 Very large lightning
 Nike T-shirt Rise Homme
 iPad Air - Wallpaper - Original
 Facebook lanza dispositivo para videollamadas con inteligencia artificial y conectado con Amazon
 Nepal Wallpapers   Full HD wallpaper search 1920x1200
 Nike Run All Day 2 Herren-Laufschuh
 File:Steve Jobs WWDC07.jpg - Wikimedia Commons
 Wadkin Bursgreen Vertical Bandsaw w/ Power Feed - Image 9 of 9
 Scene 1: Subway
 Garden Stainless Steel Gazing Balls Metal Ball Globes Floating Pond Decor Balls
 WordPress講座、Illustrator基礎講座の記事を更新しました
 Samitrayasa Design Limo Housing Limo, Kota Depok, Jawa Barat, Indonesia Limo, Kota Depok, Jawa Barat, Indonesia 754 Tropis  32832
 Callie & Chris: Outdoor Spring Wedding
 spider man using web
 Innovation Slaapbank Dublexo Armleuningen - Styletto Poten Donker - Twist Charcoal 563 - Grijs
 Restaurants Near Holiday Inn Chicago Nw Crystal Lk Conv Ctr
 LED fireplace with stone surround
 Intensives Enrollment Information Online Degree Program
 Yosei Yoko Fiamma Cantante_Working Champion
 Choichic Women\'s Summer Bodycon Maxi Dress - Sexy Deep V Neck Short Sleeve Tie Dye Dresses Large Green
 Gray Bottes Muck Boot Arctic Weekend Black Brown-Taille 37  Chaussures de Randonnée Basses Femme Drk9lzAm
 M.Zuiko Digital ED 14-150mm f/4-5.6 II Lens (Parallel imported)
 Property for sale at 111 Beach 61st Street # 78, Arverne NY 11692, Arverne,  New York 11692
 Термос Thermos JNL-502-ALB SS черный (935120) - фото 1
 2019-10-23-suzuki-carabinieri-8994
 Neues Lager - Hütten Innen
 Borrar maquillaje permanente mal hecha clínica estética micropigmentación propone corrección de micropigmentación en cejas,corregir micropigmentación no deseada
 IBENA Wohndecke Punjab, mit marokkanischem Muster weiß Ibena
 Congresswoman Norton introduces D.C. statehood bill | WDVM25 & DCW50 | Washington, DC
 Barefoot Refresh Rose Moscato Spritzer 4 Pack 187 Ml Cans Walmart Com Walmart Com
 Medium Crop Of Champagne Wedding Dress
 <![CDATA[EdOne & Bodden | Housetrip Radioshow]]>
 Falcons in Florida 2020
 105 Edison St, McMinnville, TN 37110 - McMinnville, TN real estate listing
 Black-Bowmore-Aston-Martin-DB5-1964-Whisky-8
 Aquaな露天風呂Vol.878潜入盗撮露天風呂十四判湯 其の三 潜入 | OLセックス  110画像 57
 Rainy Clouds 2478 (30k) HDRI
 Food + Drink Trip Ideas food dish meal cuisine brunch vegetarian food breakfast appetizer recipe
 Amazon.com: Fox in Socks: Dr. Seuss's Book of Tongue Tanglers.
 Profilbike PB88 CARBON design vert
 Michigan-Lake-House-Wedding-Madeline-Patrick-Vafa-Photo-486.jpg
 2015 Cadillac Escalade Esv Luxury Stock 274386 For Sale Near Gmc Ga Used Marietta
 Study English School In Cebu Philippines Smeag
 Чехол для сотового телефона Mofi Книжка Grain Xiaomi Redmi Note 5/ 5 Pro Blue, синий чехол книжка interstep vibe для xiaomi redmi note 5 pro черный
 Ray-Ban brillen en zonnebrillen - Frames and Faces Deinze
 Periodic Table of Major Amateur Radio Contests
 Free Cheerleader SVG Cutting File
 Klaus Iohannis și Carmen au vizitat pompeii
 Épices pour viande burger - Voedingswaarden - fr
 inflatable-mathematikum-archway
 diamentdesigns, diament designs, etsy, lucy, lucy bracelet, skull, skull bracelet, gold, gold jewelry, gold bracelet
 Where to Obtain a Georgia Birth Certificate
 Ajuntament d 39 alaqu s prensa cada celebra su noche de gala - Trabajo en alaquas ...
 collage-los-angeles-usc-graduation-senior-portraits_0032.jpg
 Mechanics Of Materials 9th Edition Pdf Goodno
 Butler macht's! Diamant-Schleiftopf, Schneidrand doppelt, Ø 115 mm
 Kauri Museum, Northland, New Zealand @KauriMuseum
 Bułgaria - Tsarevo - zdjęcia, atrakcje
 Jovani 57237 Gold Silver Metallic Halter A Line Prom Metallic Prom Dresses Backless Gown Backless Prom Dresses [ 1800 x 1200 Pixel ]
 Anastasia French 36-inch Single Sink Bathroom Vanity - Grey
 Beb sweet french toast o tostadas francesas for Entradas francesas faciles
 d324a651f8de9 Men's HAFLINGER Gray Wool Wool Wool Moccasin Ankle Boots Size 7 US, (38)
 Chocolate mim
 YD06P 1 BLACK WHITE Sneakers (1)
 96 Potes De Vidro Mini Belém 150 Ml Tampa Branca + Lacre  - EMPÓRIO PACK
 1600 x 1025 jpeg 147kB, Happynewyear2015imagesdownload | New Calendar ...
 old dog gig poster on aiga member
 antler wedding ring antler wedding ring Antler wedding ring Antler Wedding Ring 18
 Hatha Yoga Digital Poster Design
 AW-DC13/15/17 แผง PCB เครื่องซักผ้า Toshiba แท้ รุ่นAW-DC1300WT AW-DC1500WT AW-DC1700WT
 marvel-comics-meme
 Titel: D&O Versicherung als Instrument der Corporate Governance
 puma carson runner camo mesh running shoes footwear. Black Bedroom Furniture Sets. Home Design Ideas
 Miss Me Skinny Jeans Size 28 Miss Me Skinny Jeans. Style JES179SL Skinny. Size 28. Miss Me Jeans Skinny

━━━━━━━━━━━━━━━━━━━━

WHAT IS NEEDED> The records above should be printed in full, exactly as they appear.

WRITTEN SOLUTION>
 Very large lightning
 Nike T-shirt Rise Homme
 iPad Air - Wallpaper - Original
 Facebook lanza dispositivo para videollamadas con inteligencia artificial y conectado con Amazon
 Nepal Wallpapers   Full HD wallpaper search 1920x1200
 Nike Run All Day 2 Herren-Laufschuh
 File:Steve Jobs WWDC07.jpg - Wikimedia Commons
 Wadkin Bursgreen Vertical Bandsaw w/ Power Feed - Image 9 of 9
 Scene 1: Subway
 Garden Stainless Steel Gazing Balls Metal Ball Globes Floating Pond Decor Balls
 WordPress講座、Illustrator基礎講座の記事を更新しました
 Samitrayasa Design Limo Housing Limo, Kota Depok, Jawa Barat, Indonesia Limo, Kota Depok, Jawa Barat, Indonesia 754 Tropis  32832
 Callie & Chris: Outdoor Spring Wedding
 spider man using web
 Innovation Slaapbank Dublexo Armleuningen - Styletto Poten Donker - Twist Charcoal 563 - Grijs
 Restaurants Near Holiday Inn Chicago Nw Crystal Lk Conv Ctr
 LED fireplace with stone surround
 Intensives Enrollment Information Online Degree Program
 Yosei Yoko Fiamma Cantante_Working Champion
 Choichic Women\'s Summer Bodycon Maxi Dress - Sexy Deep V Neck Short Sleeve Tie Dye Dresses Large Green
 Gray Bottes Muck Boot Arctic Weekend Black Brown-Taille 37  Chaussures de Randonnée Basses Femme Drk9lzAm
 M.Zuiko Digital ED 14-150mm f/4-5.6 II Lens (Parallel imported)
 Property for sale at 111 Beach 61st Street # 78, Arverne NY 11692, Arverne,  New York 11692
 Термос Thermos JNL-502-ALB SS черный (935120) - фото 1
 2019-10-23-suzuki-carabinieri-8994
 Neues Lager - Hütten Innen
 Borrar maquillaje permanente mal hecha clínica estética micropigmentación propone corrección de micropigmentación en cejas,corregir micropigmentación no deseada
 IBENA Wohndecke Punjab, mit marokkanischem Muster weiß Ibena
 Congresswoman Norton introduces D.C. statehood bill | WDVM25 & DCW50 | Washington, DC
 Barefoot Refresh Rose Moscato Spritzer 4 Pack 187 Ml Cans Walmart Com Walmart Com
 Medium Crop Of Champagne Wedding Dress
 <![CDATA[EdOne & Bodden | Housetrip Radioshow]]>
 Falcons in Florida 2020
 105 Edison St, McMinnville, TN 37110 - McMinnville, TN real estate listing
 Black-Bowmore-Aston-Martin-DB5-1964-Whisky-8
 Aquaな露天風呂Vol.878潜入盗撮露天風呂十四判湯 其の三 潜入 | OLセックス  110画像 57
 Rainy Clouds 2478 (30k) HDRI
 Food + Drink Trip Ideas food dish meal cuisine brunch vegetarian food breakfast appetizer recipe
 Amazon.com: Fox in Socks: Dr. Seuss's Book of Tongue Tanglers.
 Profilbike PB88 CARBON design vert
 Michigan-Lake-House-Wedding-Madeline-Patrick-Vafa-Photo-486.jpg
 2015 Cadillac Escalade Esv Luxury Stock 274386 For Sale Near Gmc Ga Used Marietta
 Study English School In Cebu Philippines Smeag
 Чехол для сотового телефона Mofi Книжка Grain Xiaomi Redmi Note 5/ 5 Pro Blue, синий чехол книжка interstep vibe для xiaomi redmi note 5 pro черный
 Ray-Ban brillen en zonnebrillen - Frames and Faces Deinze
 Periodic Table of Major Amateur Radio Contests
 Free Cheerleader SVG Cutting File
 Klaus Iohannis și Carmen au vizitat pompeii
 Épices pour viande burger - Voedingswaarden - fr
 inflatable-mathematikum-archway
 diamentdesigns, diament designs, etsy, lucy, lucy bracelet, skull, skull bracelet, gold, gold jewelry, gold bracelet
 Where to Obtain a Georgia Birth Certificate
 Ajuntament d 39 alaqu s prensa cada celebra su noche de gala - Trabajo en alaquas ...
 collage-los-angeles-usc-graduation-senior-portraits_0032.jpg
 Mechanics Of Materials 9th Edition Pdf Goodno
 Butler macht's! Diamant-Schleiftopf, Schneidrand doppelt, Ø 115 mm
 Kauri Museum, Northland, New Zealand @KauriMuseum
 Bułgaria - Tsarevo - zdjęcia, atrakcje
 Jovani 57237 Gold Silver Metallic Halter A Line Prom Metallic Prom Dresses Backless Gown Backless Prom Dresses [ 1800 x 1200 Pixel ]
 Anastasia French 36-inch Single Sink Bathroom Vanity - Grey
 Beb sweet french toast o tostadas francesas for Entradas francesas faciles
 d324a651f8de9 Men's HAFLINGER Gray Wool Wool Wool Moccasin Ankle Boots Size 7 US, (38)
 Chocolate mim
 YD06P 1 BLACK WHITE Sneakers (1)
 96 Potes De Vidro Mini Belém 150 Ml Tampa Branca + Lacre  - EMPÓRIO PACK
 1600 x 1025 jpeg 147kB, Happynewyear2015imagesdownload | New Calendar ...
 old dog gig poster on aiga member
 antler wedding ring antler wedding ring Antler wedding ring Antler Wedding Ring 18
 Hatha Yoga Digital Poster Design
 AW-DC13/15/17 แผง PCB เครื่องซักผ้า Toshiba แท้ รุ่นAW-DC1300WT AW-DC1500WT AW-DC1700WT
 marvel-comics-meme
 Titel: D&O Versicherung als Instrument der Corporate Governance
 puma carson runner camo mesh running shoes footwear. Black Bedroom Furniture Sets. Home Design Ideas
 Miss Me Skinny Jeans Size 28 Miss Me Skinny Jeans. Style JES179SL Skinny. Size 28. Miss Me Jeans Skinny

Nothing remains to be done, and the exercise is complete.